Perhaps the most important strategic insight resulting from this line of thought is that making illegible safety problems more legible is of the highest importance, more so than directly attacking legible or illegible ones, the former due to the aforementioned effect of accelerating timelines, and the latter due to the unlikelihood of solving a problem and getting the solution incorporated into deployed AI, while the problem is obscure or hard to understand, or in a cognitive blind spot for many, including key decision makers.

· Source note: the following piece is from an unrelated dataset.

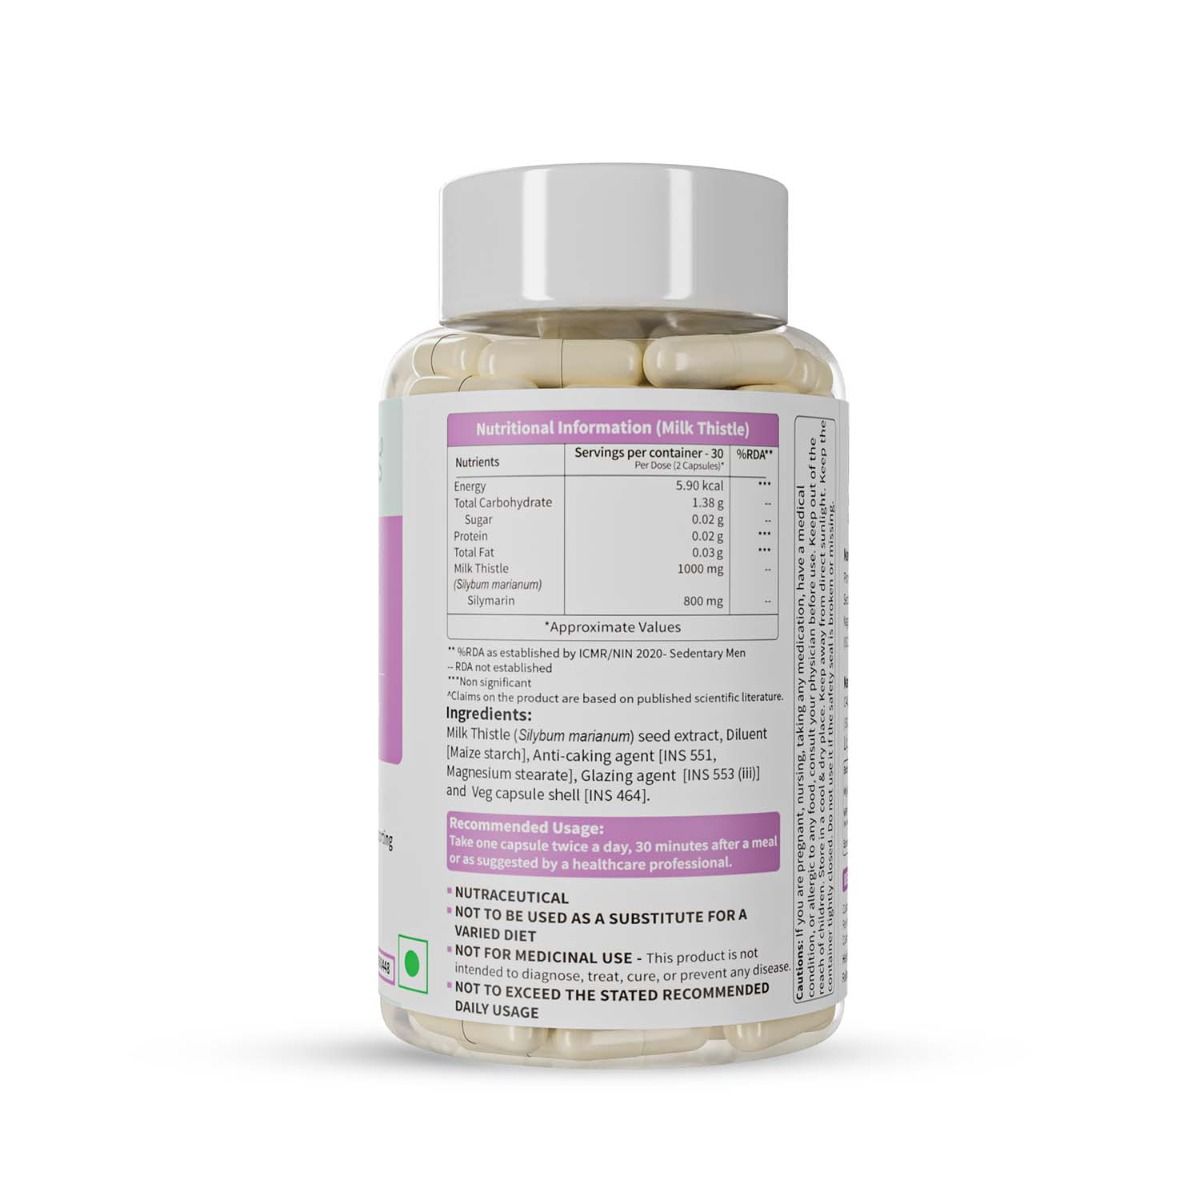 Neuherbs Milk Thistle 80% Silymarin Liver Detox 800 mg, 60 Capsules, Pack of 1

Edit: Many people have asked for examples of illegible problems. I wrote a new post listing all of the AI safety problems that I've tried to make more legible over the years, in part to answer this request. Some have indeed become more legible over time (perhaps partly due to my efforts), while others remain largely illegible to many important groups.
I would welcome any relevant quotes/citations.
Paul Christiano's counterargument, abstracted and put into current terms, can perhaps be stated as that even taking this argument for granted, sometimes a less legible problem, e.g., scalable alignment, has more legible problems, e.g., alignment of current models, as prerequisites, so it's worth working on something like RLHF to build up the necessary knowledge and skills to eventually solve the less legible problem. If so, besides pushing back on the details of this dependency and how promising existing scalable alignment approaches are, I would ask him to consider whether there are even less legible problems than scalable alignment, that would be safer and higher value to work on or aim for.